You Read Non-Fiction?
Today, over on Instagram, I posted a breakdown of the genres I’ve read so far this year according to Storygraph.
I received a comment from someone who seemed genuinely impressed that I – or maybe anyone – read non-fiction and recommended a book to me.
Confession time: I read EVERYTHING recommended to me. E.V.E.R.Y.T.H.I.N.G.
Now, I did admit in my post that most of this non-fiction was read for university. My final semester required four different research projects/papers. Needless to say, I read a lot of books for those papers. Not going to lie, I used those projects as an excuse to read a handful of books I wanted to read on my select topic. There were also binders full of scholarly papers used for my research as well. This brings me to my response to the comment I received and something I feel very passionate about.
Information, and by extension knowledge, should be accessible to everyone.
Unfortunately, this isn’t the case. Libraries are free giving everyone access to books. Yet, 61% of Americans 16 and older have a library card. I get it, not everyone likes to read. This isn’t what I am talking about though.
There is a lot of information out there that is only accessible to scholars or professionals. Much of this information could benefit the general population, but it is not available to everyone. You have to have access to databases or journals. There are books that are written with these same people in mind that require an above average reading level. I really hate reading this kind of stuff.
Authors who use big words just to show off their vocabulary need to be beaten with their books.
In one of my sociology classes we were given Race and America’s Long War by Nikhil Pal Singh to read. It used phrases like “laboratory of police modernity” and words like “majoritarian”. Here is a sentence from that book, picked at random:
Criminal assignment has linked presumptions about individual and group propensities to antisocial behavior and threat to embodied stigma and subjection to sanctioned violence that exceeds the logic of civil compact.
Honestly, there is no need to write like that.

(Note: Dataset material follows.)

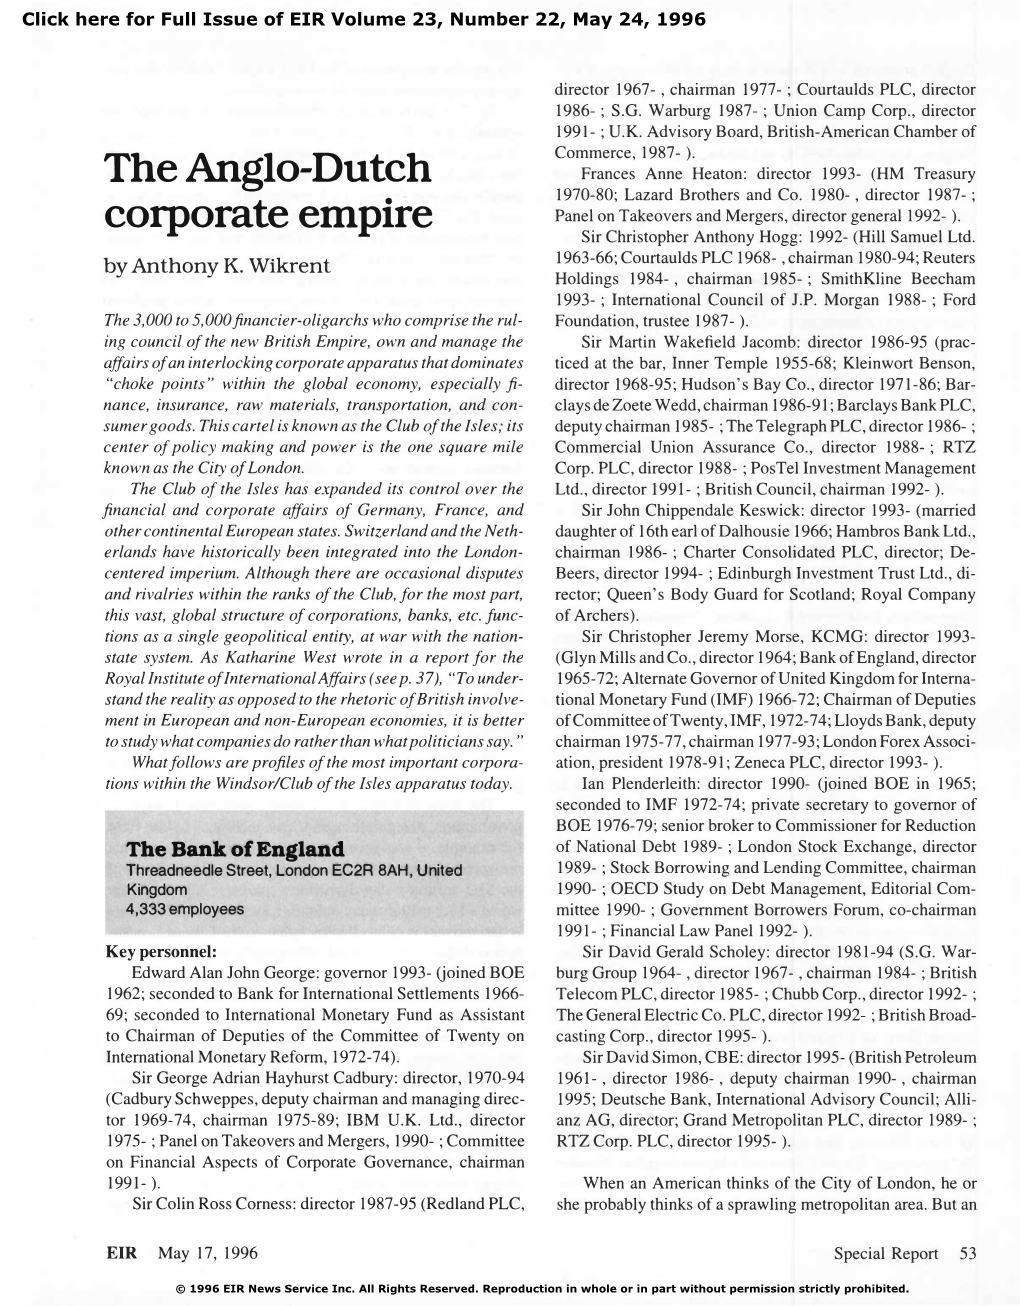 The Anglo-Dutch Corporate Empire

Yet, entire books are written this way. There is so much good information in this book and yet, a lot of people will put it down because of how it is written. I walked into class after reading the book and told my professor I wanted to burn it. She assigned the book because of the information in it, and, she admitted, as a learning experience about pretentious authors and their books. Yes, even my sociology professor found it pretentious.
Writing books and papers whose audience is academics is doing nothing but keeping that information and knowledge locked behind doors that need a special key. Is it any wonder that certain groups of people don’t trust colleges and anyone they deem smarter than them? Scholars and academics are considered elitists. I can understand why. They don’t want to share their information in a way that everyone can understand. They only want to share it with their peers who have the decoder ring.
Yes, I will read non-fiction for fun if it is a subject I am interested in. It also cannot be written by a pretentious author who only wants to show off how smart they are. Those are not fun books to read. Reading should be fun, even if you are reading to gain information. A book can make you think without taxing your brain.